En lisant un inédit inachevé de Julien Gracq

Publié le par Jean-Pierre Biondi

Tel est le pouvoir d' un grand écrivain qu' il vous force à rallumer le feu de votre propre imaginaire. Les 500 pages manuscrites de "Les terres du couchant" (éd. José Corti, 2014) ont demandé à Gracq trois ans de travail, de 1953 à 1956, avant d' aboutir aux archives de la Bibliothèque nationale, en harmonie avec "Au château d' Argol" ou " Le rivage des Syrtes". Ce rebond des imaginations renvoie dès lors à une situation que vous pouviez croire abandonnée : le moment où la poésie -oui, la poésie- rend indissociables réalité et fiction.
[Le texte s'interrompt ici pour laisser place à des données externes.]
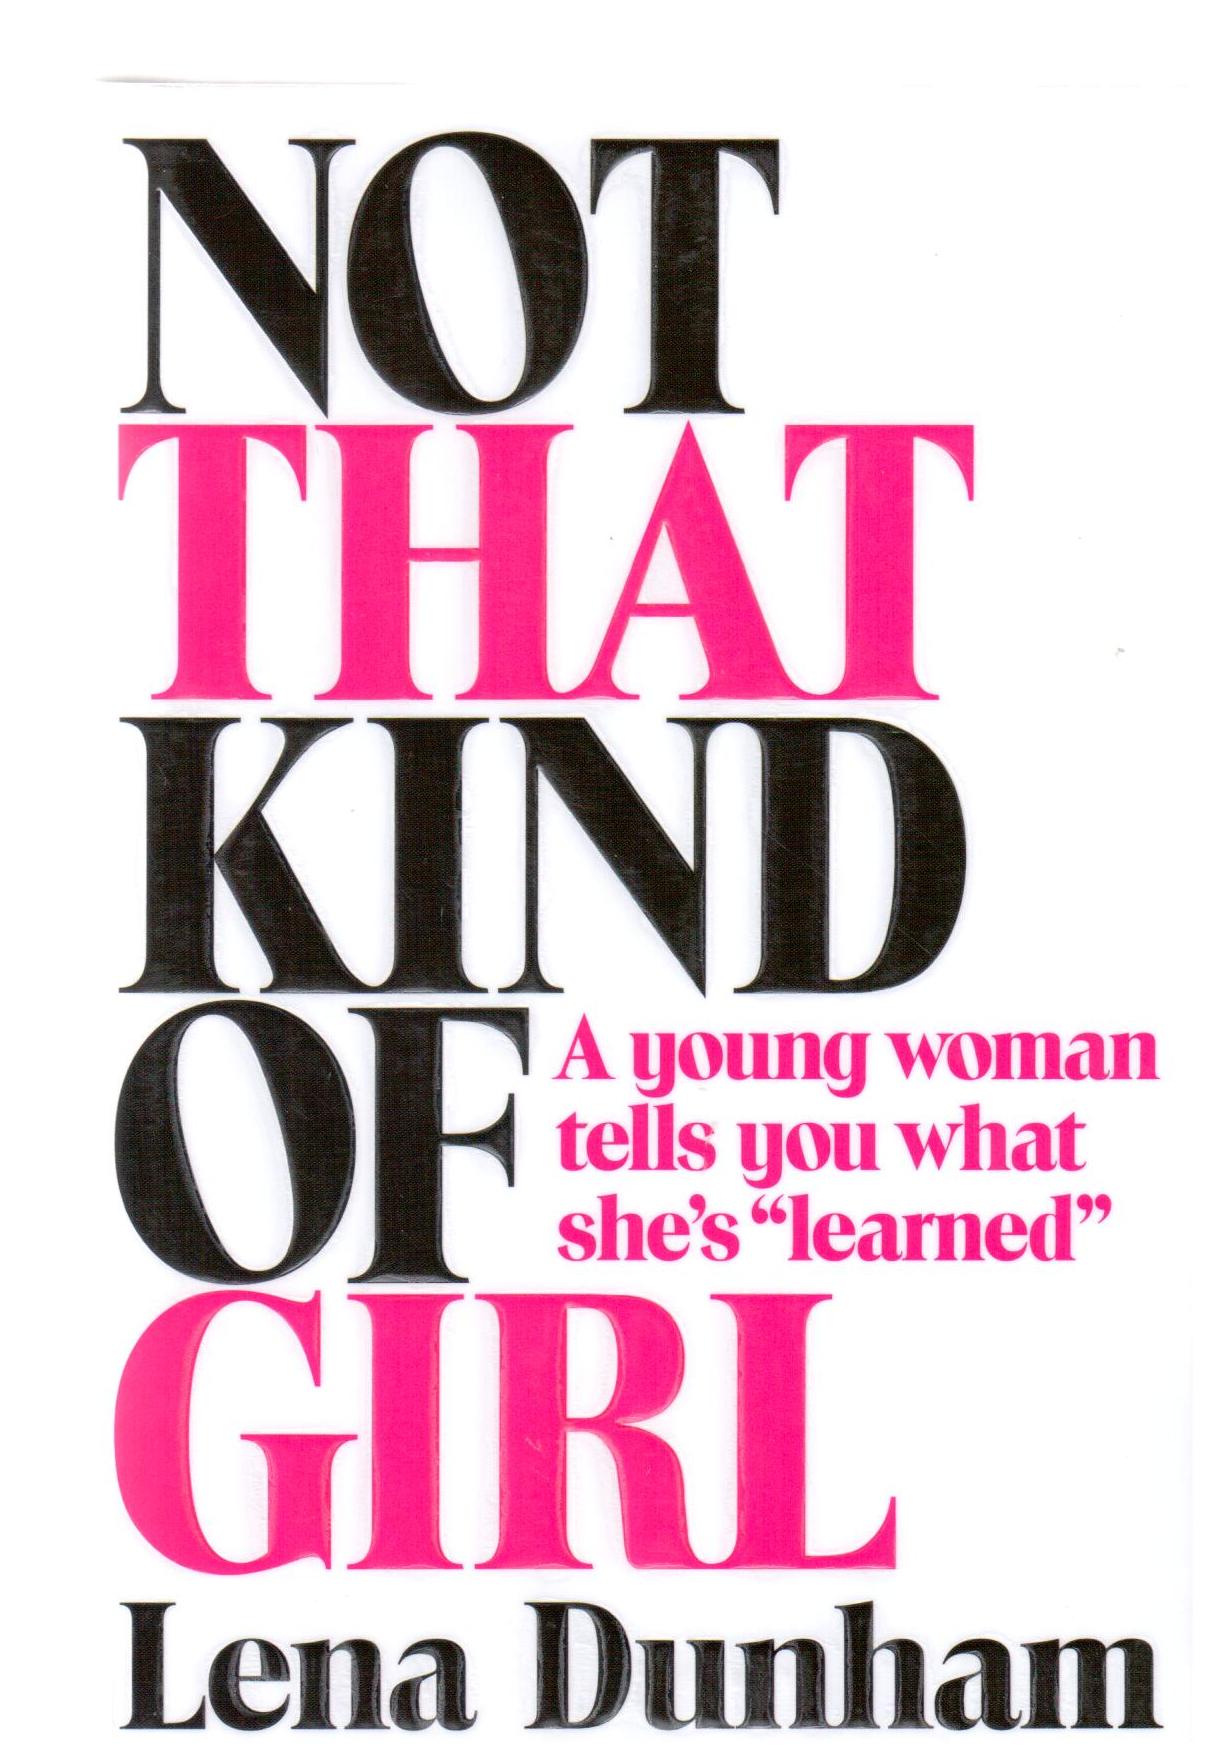 Not that kind of girl : a young woman tells you what she's "learned"

J' ai eu, d' un coup, envie de saisir ma plume. Voici ce qu' il en est remonté :

".Nous partions par une route départementale bordée d' eucalyptus dont l' écorce se détachait du tronc par plaques grisâtres et lisses, traversions au soleil du matin des villages où la terrasse de l' unique café débordait sur la chaussée, et les monuments aux morts se voyaient parfois souillés. Nous stoppions devant une étroite demeure de laquelle sortait aussitôt une femme non peignée. Nous la suivions à pied jusqu' à la cahute dont elle seule détenait la clé.. Elle nous ouvrait le "bain", un large et lourd réservoir de marbre brut où se déversait en ronchonnant une eau naturelle brûlante

La femme partie, nous y entrions ensemble très progressivement,, nos corps vite cramoisis, mais le coeur assez solide pour ne pas courir de risque. Nous restions un long moment,, tête bêche, transportés en un lointain univers par les rêveries qu' engendrait la morsure du liquide bouillant.
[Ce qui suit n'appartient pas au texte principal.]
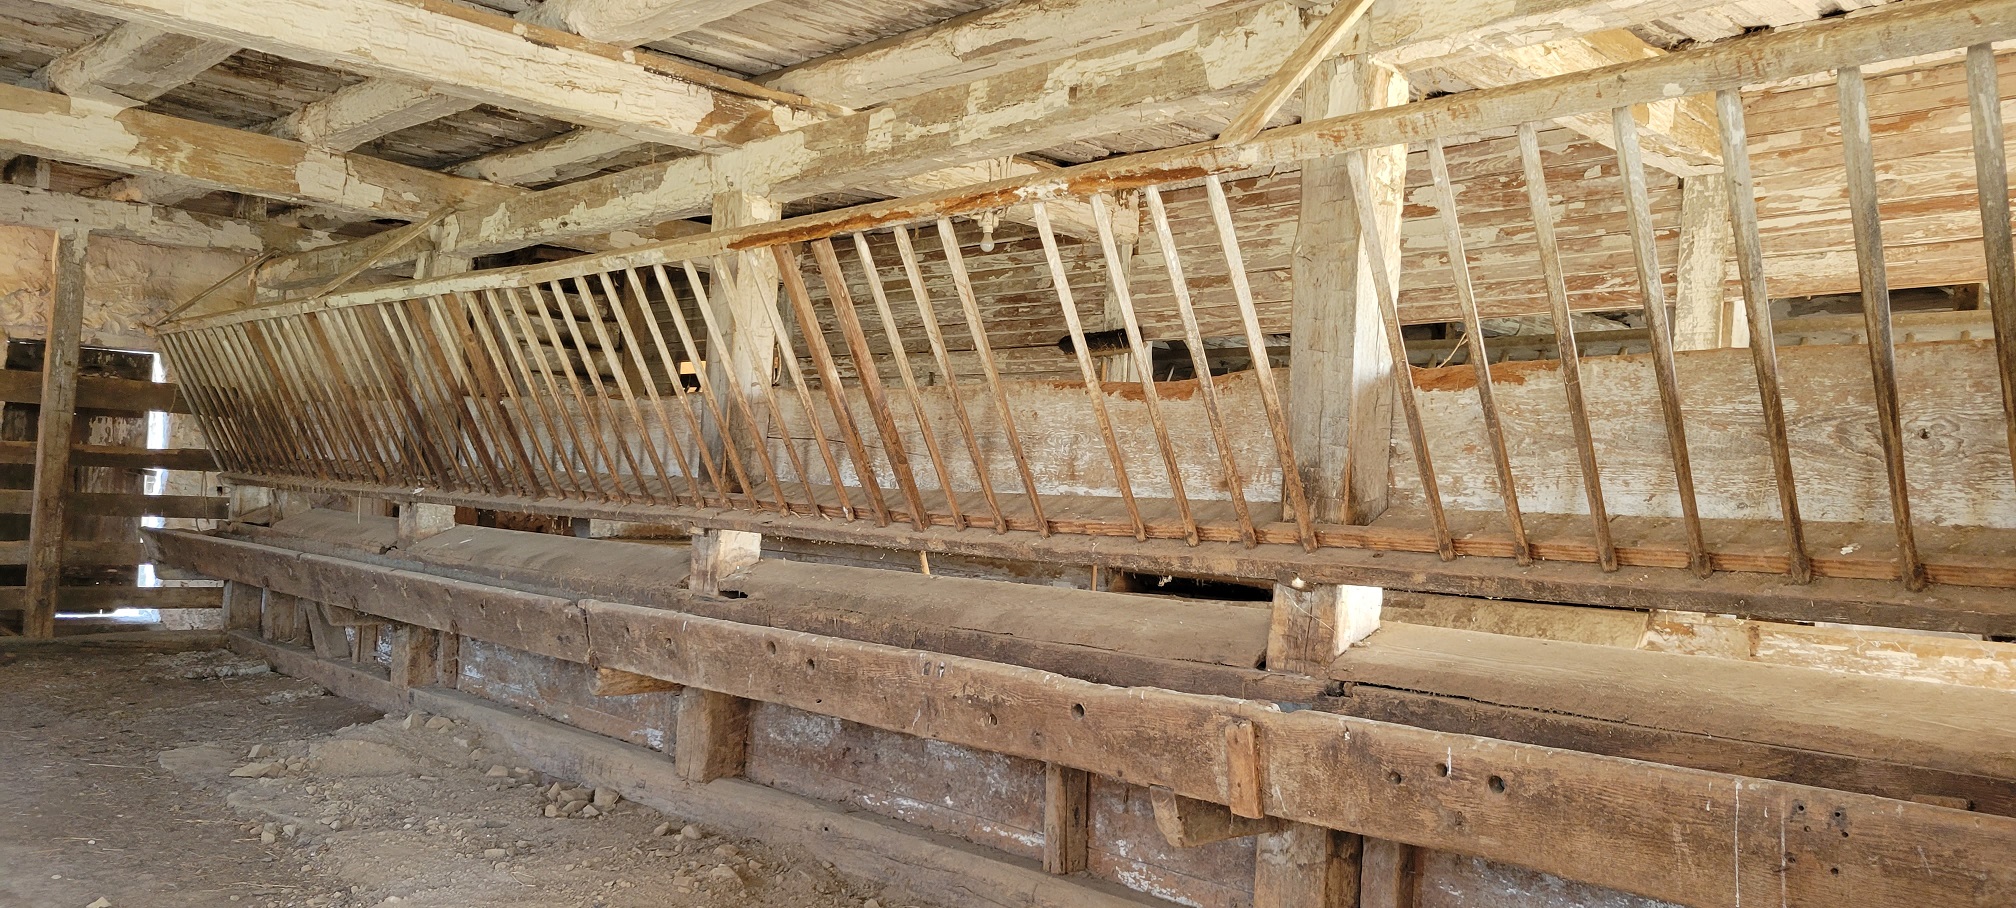 Interior wood structure of barn.

Nous émergions enfin des vapeurs de ces thermes rudimentaires et revenions par le bord de mer, un chemin longeant des calanques endormies puis une succession de golfes brefs, festonnés par un tissu serré de palmes et de chênes verts. A la jumelle, nous y repérions le mystère d' une construction isolée et, ayant découvert derrière des rochers la sente caillouteuse qui y menait, pilions net devant le panneau : " Propriété privée. Chien méchant"

Mais c' est un homme qui surgissait, fusil à l' épaule, en veste de chasse vert olive et pantalon usagé de parachutiste. Il fallait le convaincre, dans l' idiome local, que nous devions forcément être apparentés, avant qu' il accepte de lever la barrière métallique. Il nous précédait dans une salle méticuleusement propre, puis ouvrait un garde-manger. Du jambon cru, trois tomates juteuses, des blocs concassés de fromage plus dur qu' une pierre, quelques pêches de vigne, un carafon de vin de pays. Aucune question, comme si nous nous connaissions de toujours.

Nous supputions qu' il avait beaucoup guerroyé et qu' un garde-chasse n' avait pas intérêt à trop s' approcher de sa retraite. L' ombre s' avançait, venant de sommets plus hauts que les châtaigneraies.Lui s' était mis soudain à raconter d' une voix sourde, à réveiller intarissablement un continent où l' on était libre de tirer à vue, de violer une jeune indigène, de pêcher à la grenade,, de mettre le feu à tout un village sans que personne ne vienne vous chercher noise, ou vous raser avec des inepties sur le droit de faire. Nous ne disions rien, on ne le distinguait bientôt plus. Il parlait pour lui, dans la ténèbre.

Nous rentrions tard, accompagnés par les pointillés d' étoiles de l' été. Nos phares arrosaient juste des bas-côtés d'où se levaient les perdreaux aveuglés. " C' était,, disions-nous, une belle errance...".